+++ Provided records

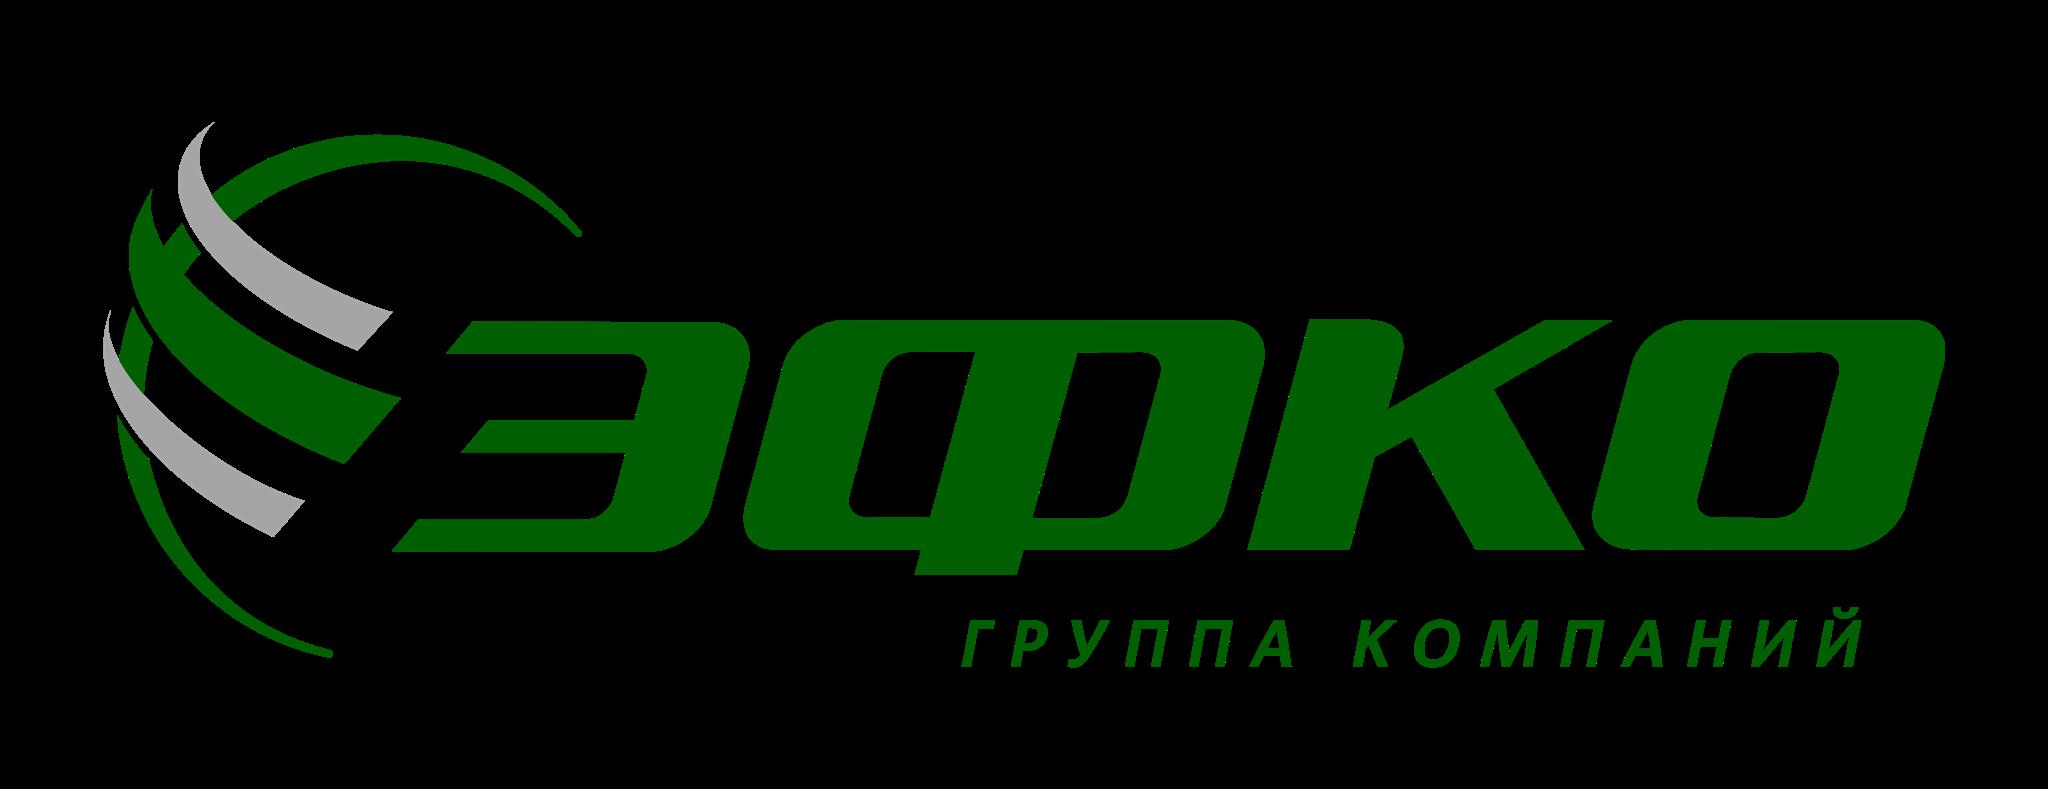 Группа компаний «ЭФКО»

++++++
+++ Provided records

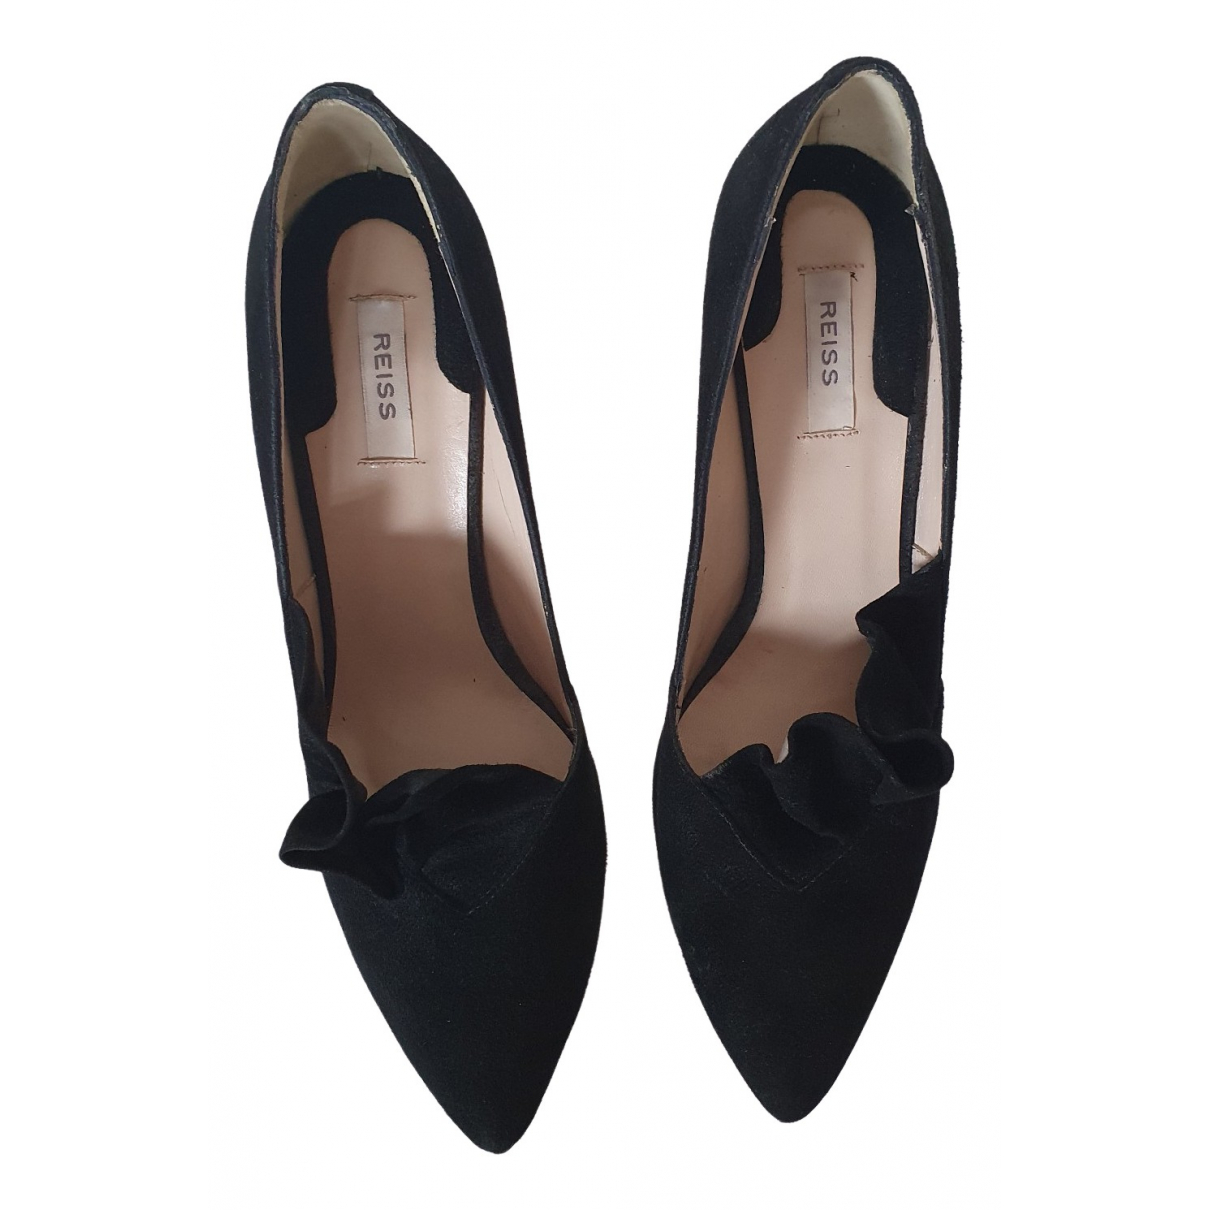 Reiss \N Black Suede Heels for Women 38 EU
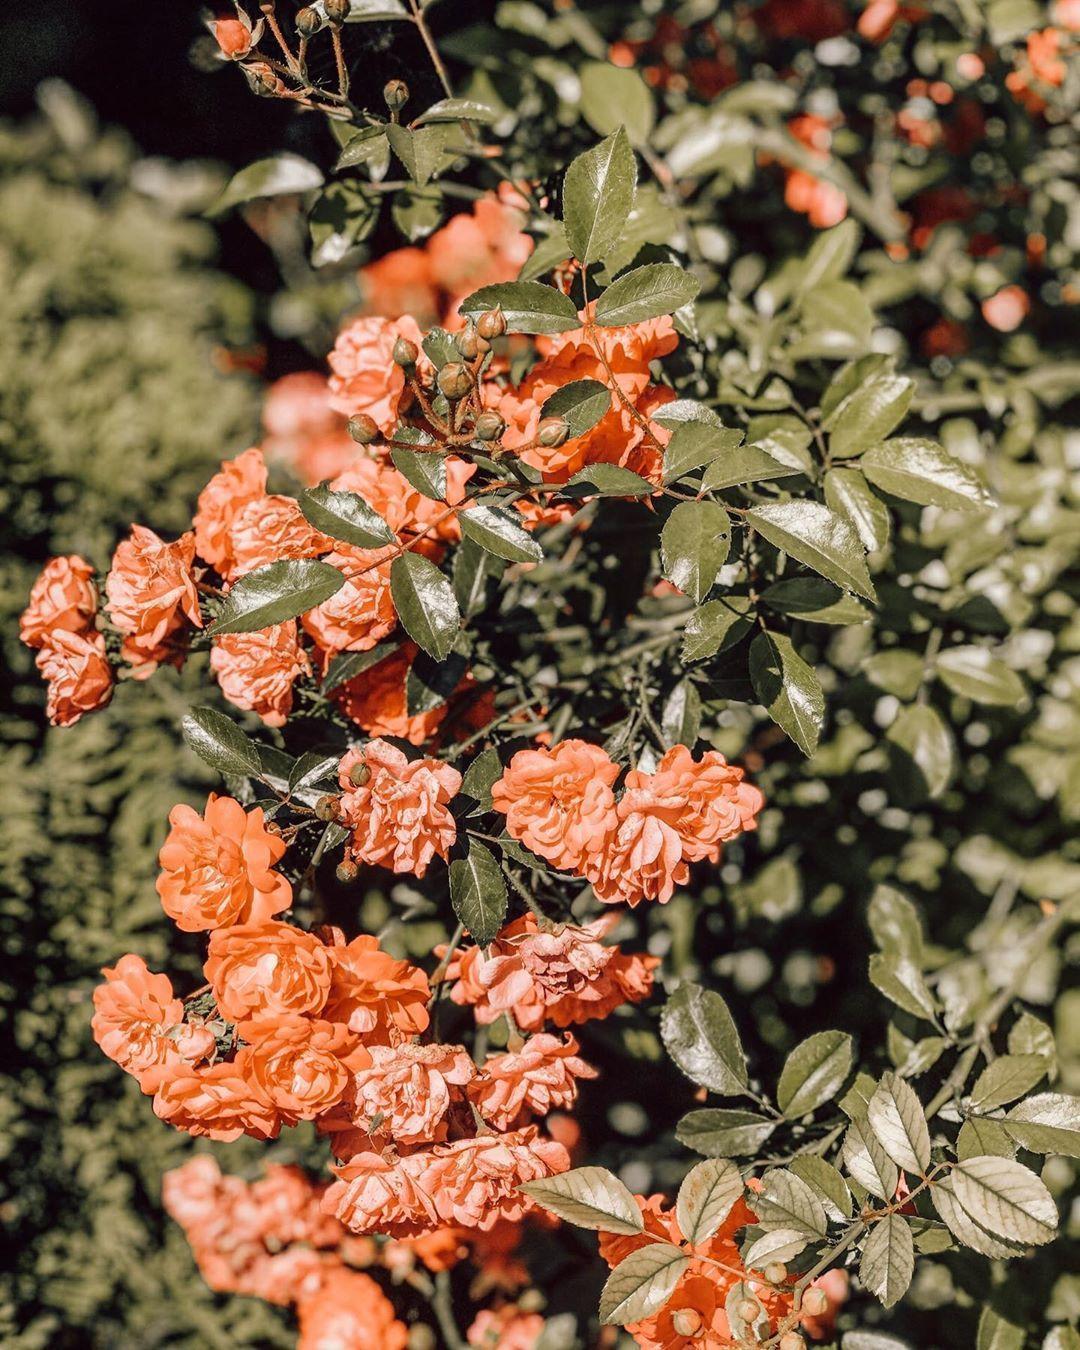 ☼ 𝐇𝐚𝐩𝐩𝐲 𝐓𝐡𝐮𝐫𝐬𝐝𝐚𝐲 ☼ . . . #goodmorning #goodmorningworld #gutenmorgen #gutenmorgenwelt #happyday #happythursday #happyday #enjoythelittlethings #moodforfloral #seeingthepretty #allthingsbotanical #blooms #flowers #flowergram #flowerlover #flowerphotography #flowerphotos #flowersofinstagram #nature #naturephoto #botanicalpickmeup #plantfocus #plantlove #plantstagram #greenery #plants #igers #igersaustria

++++++
+++ Provided records

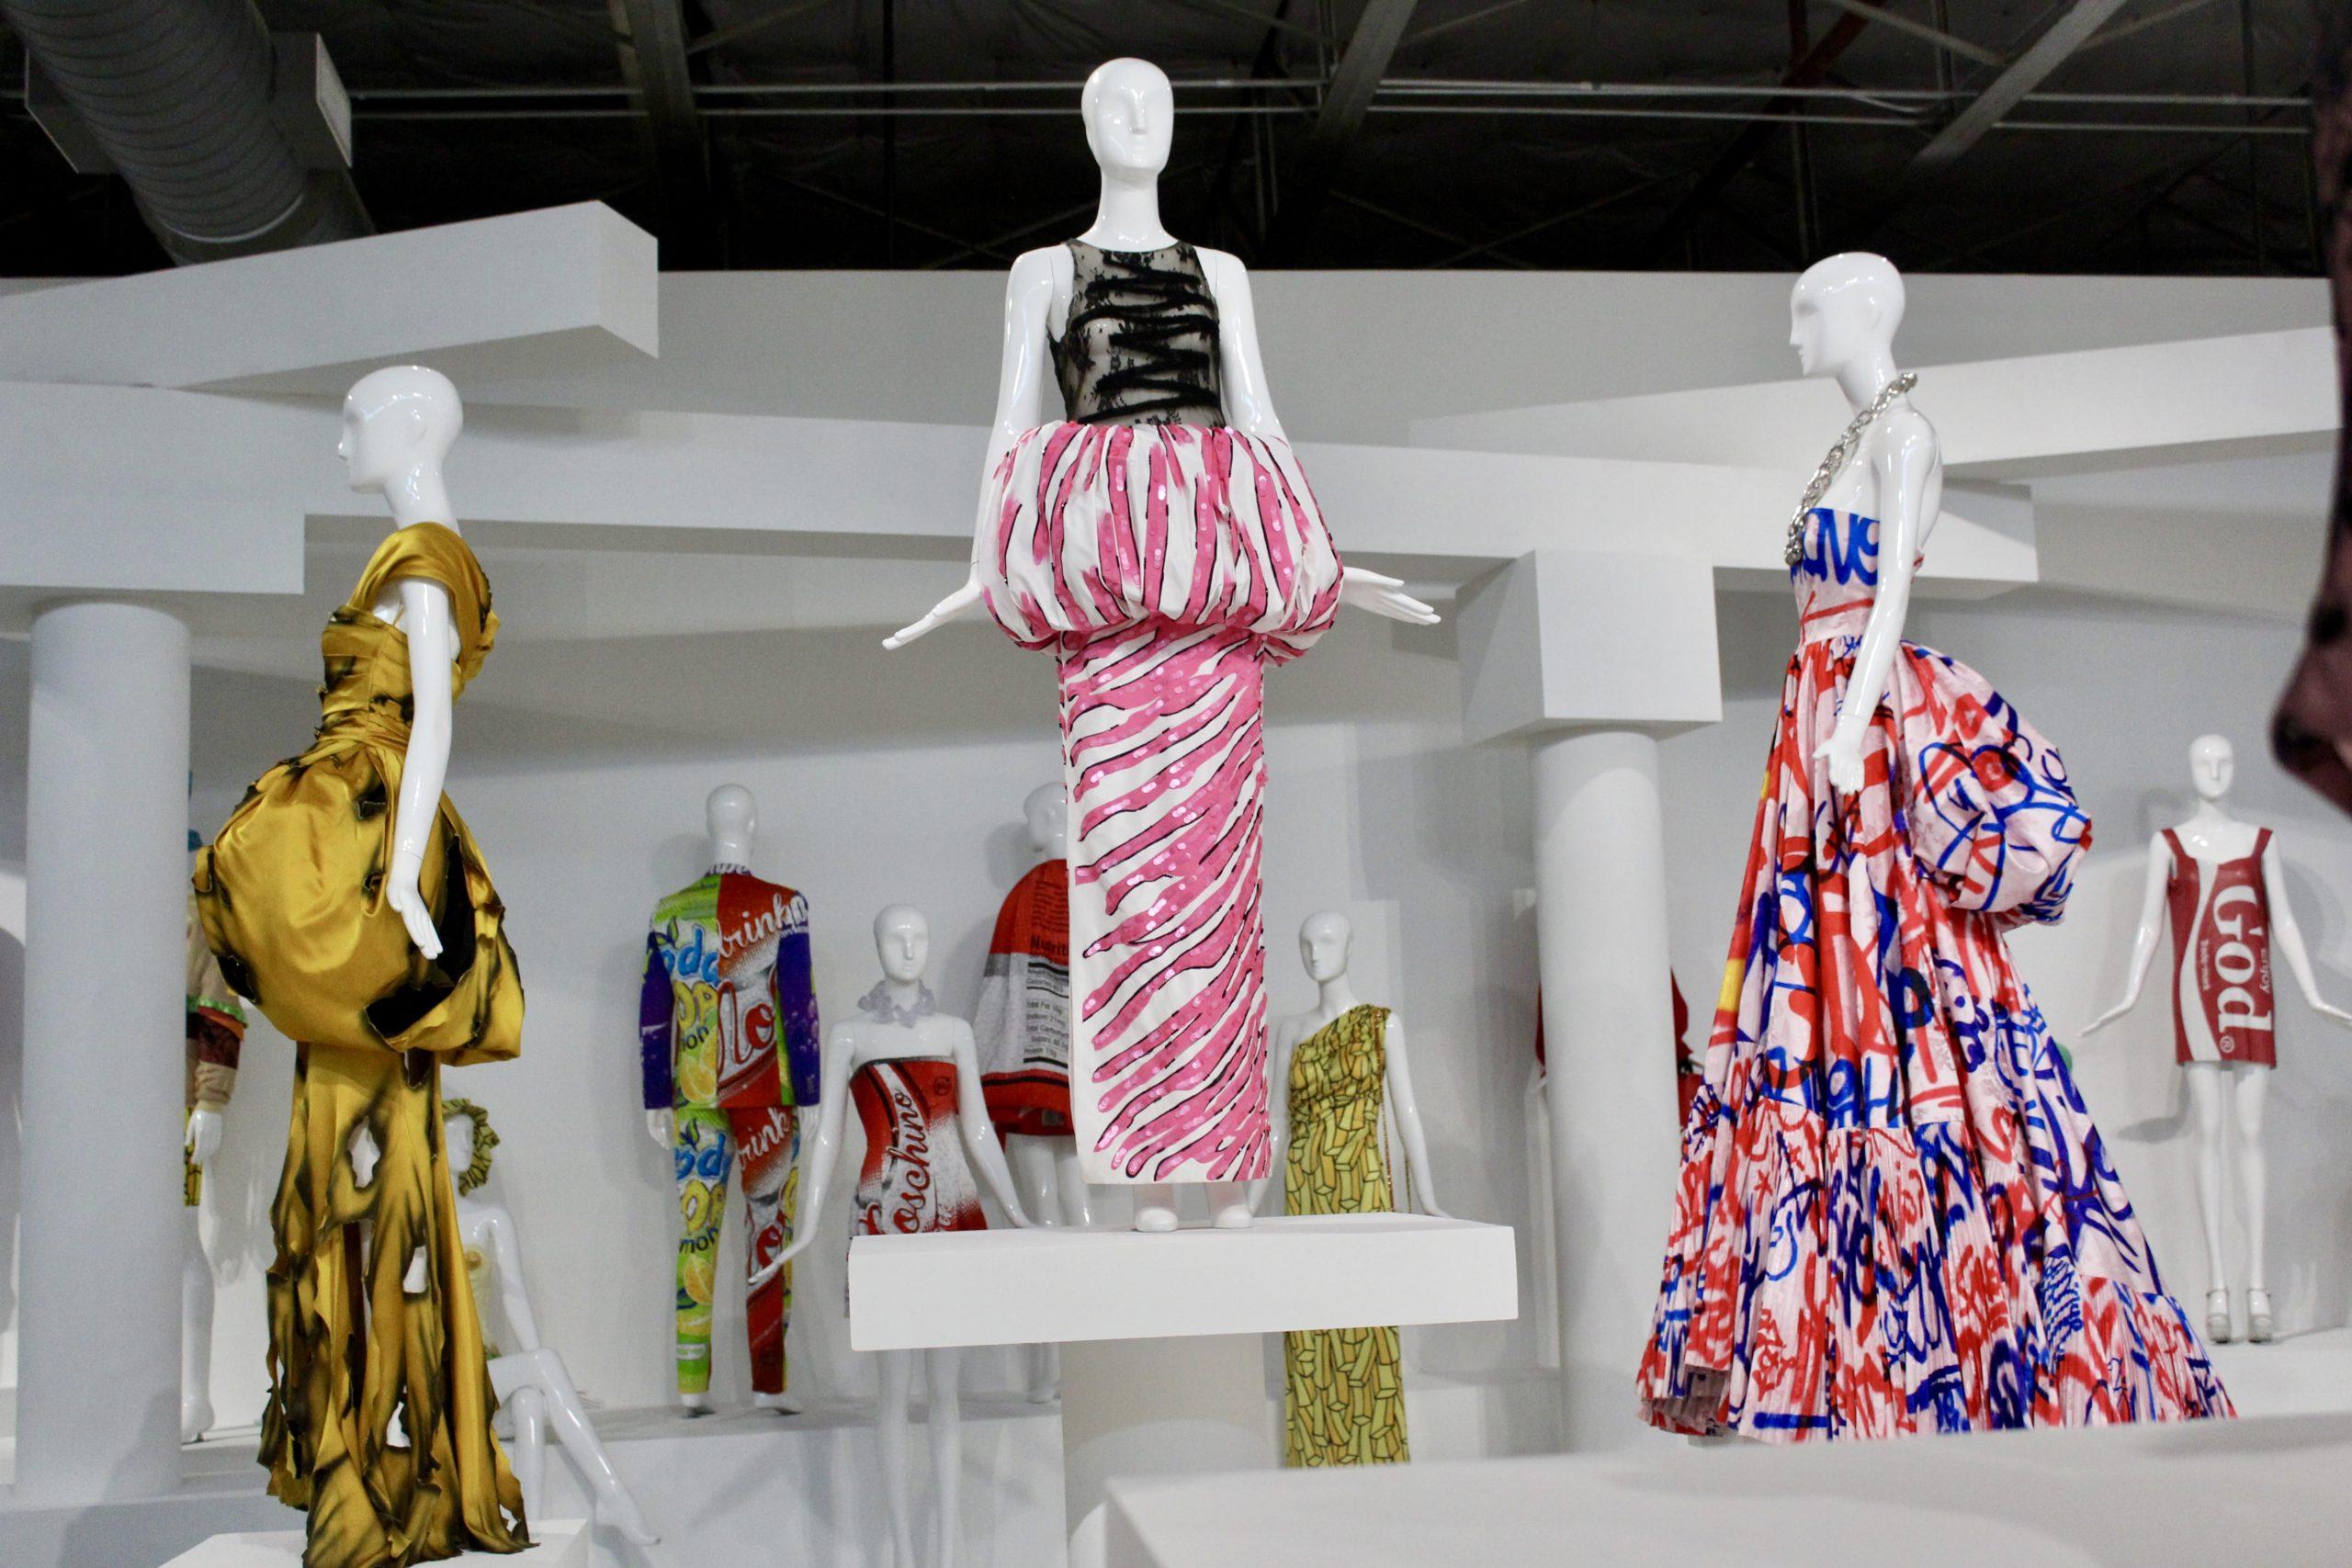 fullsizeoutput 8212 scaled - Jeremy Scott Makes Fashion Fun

++++++

■ **Exercise brief**
Reproduce exactly, with no pictures, the lines above from the one holding "Reiss \N Black Suede Heels for Women 38 EU" to the one holding "#plants #igers #igersaustria", inclusive.

■ **Final answer**
 Reiss \N Black Suede Heels for Women 38 EU
 ☼ 𝐇𝐚𝐩𝐩𝐲 𝐓𝐡𝐮𝐫𝐬𝐝𝐚𝐲 ☼ . . . #goodmorning #goodmorningworld #gutenmorgen #gutenmorgenwelt #happyday #happythursday #happyday #enjoythelittlethings #moodforfloral #seeingthepretty #allthingsbotanical #blooms #flowers #flowergram #flowerlover #flowerphotography #flowerphotos #flowersofinstagram #nature #naturephoto #botanicalpickmeup #plantfocus #plantlove #plantstagram #greenery #plants #igers #igersaustria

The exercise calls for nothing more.